Within the records below, reproduce without change the lines from the line that has "Men's Fitness Short Shorts 100 - Black 5/5" through the line that has "Festival-goers enjoy a", and only those.

*** Opening of RECORD SET ***

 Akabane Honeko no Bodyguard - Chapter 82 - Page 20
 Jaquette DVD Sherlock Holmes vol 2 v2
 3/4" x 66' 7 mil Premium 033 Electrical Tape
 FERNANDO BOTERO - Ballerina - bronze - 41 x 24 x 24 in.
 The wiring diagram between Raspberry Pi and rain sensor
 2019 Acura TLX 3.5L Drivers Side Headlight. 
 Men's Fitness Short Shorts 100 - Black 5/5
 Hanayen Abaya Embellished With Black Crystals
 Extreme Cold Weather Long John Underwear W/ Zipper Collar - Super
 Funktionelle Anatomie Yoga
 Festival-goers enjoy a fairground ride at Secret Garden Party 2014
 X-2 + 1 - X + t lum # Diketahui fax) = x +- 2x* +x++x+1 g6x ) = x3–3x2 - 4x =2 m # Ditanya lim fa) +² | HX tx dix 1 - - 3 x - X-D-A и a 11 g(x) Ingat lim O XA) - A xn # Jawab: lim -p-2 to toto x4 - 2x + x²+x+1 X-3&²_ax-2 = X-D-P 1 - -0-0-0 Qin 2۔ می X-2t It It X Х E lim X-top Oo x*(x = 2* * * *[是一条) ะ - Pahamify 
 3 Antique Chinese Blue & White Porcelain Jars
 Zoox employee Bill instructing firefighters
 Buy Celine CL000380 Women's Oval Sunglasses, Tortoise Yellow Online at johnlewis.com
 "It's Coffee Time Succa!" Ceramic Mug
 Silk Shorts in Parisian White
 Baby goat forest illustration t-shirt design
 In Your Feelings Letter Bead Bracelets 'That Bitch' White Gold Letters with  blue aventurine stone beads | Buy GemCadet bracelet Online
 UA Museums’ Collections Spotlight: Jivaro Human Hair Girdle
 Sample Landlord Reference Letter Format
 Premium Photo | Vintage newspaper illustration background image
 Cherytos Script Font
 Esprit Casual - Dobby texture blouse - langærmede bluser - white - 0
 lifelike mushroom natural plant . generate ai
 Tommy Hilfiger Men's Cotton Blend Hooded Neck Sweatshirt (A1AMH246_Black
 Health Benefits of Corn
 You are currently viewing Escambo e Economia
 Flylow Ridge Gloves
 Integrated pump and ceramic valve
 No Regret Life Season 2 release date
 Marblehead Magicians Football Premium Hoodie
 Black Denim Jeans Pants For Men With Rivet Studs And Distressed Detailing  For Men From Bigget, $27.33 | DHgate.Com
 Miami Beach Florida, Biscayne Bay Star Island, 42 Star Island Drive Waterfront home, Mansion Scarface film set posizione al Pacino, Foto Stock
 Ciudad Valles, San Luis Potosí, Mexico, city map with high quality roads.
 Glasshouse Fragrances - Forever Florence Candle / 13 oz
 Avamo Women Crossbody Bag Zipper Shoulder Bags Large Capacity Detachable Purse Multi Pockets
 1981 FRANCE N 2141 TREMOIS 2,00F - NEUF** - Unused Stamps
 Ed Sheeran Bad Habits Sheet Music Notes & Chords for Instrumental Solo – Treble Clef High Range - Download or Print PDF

*** Close of RECORD SET ***

• _ANSWER TO THE PROBLEM_
 Men's Fitness Short Shorts 100 - Black 5/5
 Hanayen Abaya Embellished With Black Crystals
 Extreme Cold Weather Long John Underwear W/ Zipper Collar - Super
 Funktionelle Anatomie Yoga
 Festival-goers enjoy a fairground ride at Secret Garden Party 2014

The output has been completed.